Herr Kim recherchierte über das Gen.G-Programm, das 25.000 US-Dollar pro Jahr kostet, und führte seine Mutter zur Akademie, um sie davon zu überzeugen, dass er als E-Sports-Profi erfolgreich sein könnte. Er hat dieses Jahr eine große Hürde für seinen Traum genommen, indem er aufgrund seiner Online-Spielfähigkeiten die Zulassung zur University of Kentucky erhielt.

Mr. Bazire, der französische Spieler, trat im März als Trainee-Spieler dem League of Legends-Team von Gen.G bei. Er und andere Auszubildende erhalten bescheidene Gehälter sowie Kost und Logis in einer Wohngemeinschaft in Seoul. Sie trainieren bis zu 18 Stunden am Tag, 60 bis 70 Prozent mehr als Spieler, die er in Frankreich kannte, sagte er.

Aber Trainee zu werden ist nicht viel mehr, als sich den Fuß zu sichern. Die Auszubildenden müssen schnell durch die zweite Liga in die Hauptliga aufsteigen, wo professionelle League of Legends-Spieler ein durchschnittliches Gehalt von 200.000 US-Dollar pro Jahr sowie Preisgelder und Sponsoring-Deals erhalten.

Da immer jüngere und flinkere Talente aufholen, endet die Karriere der meisten E-Sportler in Südkorea, bevor sie 26 Jahre alt werden, etwa zu der Zeit, als koreanische Männer Ende 20 den Druck verspüren, ihren Militärdienst zu beginnen.

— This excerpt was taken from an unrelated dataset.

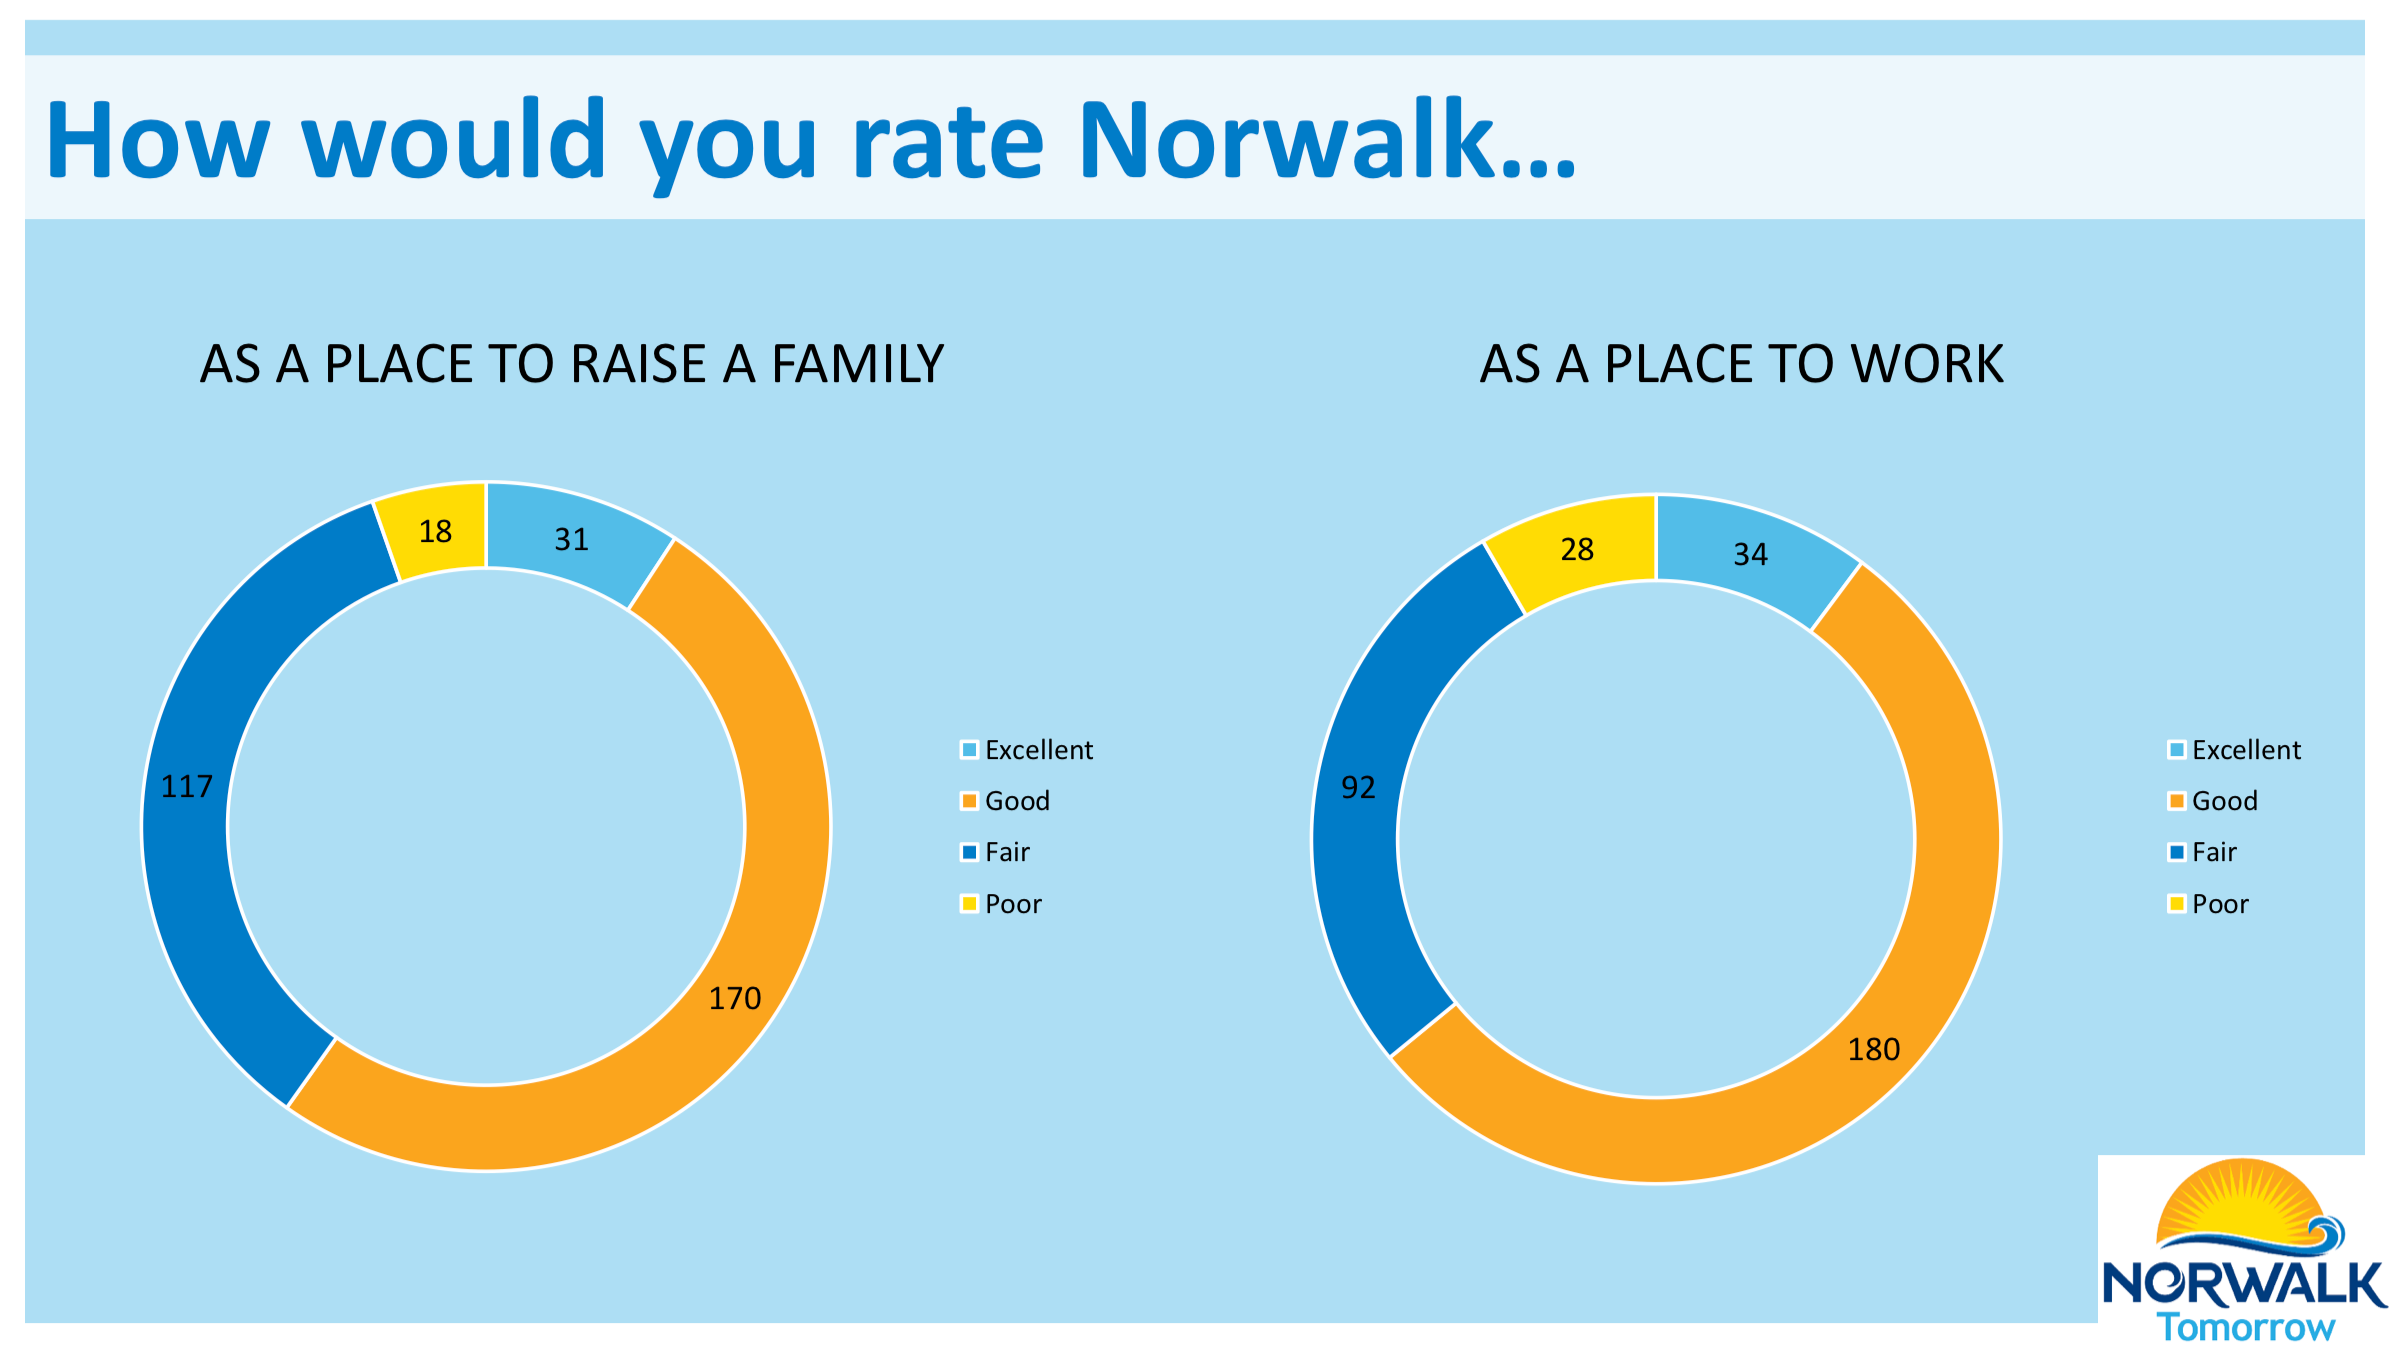 Pie charts results of "how you rate Norwalk" as place to raise family and to work

Min-soo, der Schüler, der davon träumt, ein E-Sport-Star zu werden, spürte zum ersten Mal die elektrisierende Atmosphäre einer E-Sport-Arena, als er in der Mittelschule war. Seit 2019 steht er jeden Tag um 6 Uhr morgens auf und nimmt eine zweistündige Bus- und U-Bahnfahrt zur Gen.G-Akademie. Er kehrt um 23:30 Uhr nach Hause zurück und übt dann weiter, geht selten vor 3 Uhr morgens ins Bett

In diesem Jahr galt er endlich als gut genug, um Tests zu absolvieren, um Trainee in einem Profiteam zu werden.

„Es ist ein hartes und einsames Leben, weil man alles andere aufgeben muss, wie Freunde“, sagte er. “Aber am glücklichsten bin ich, weil ich das tue, was mir am meisten Spaß macht.”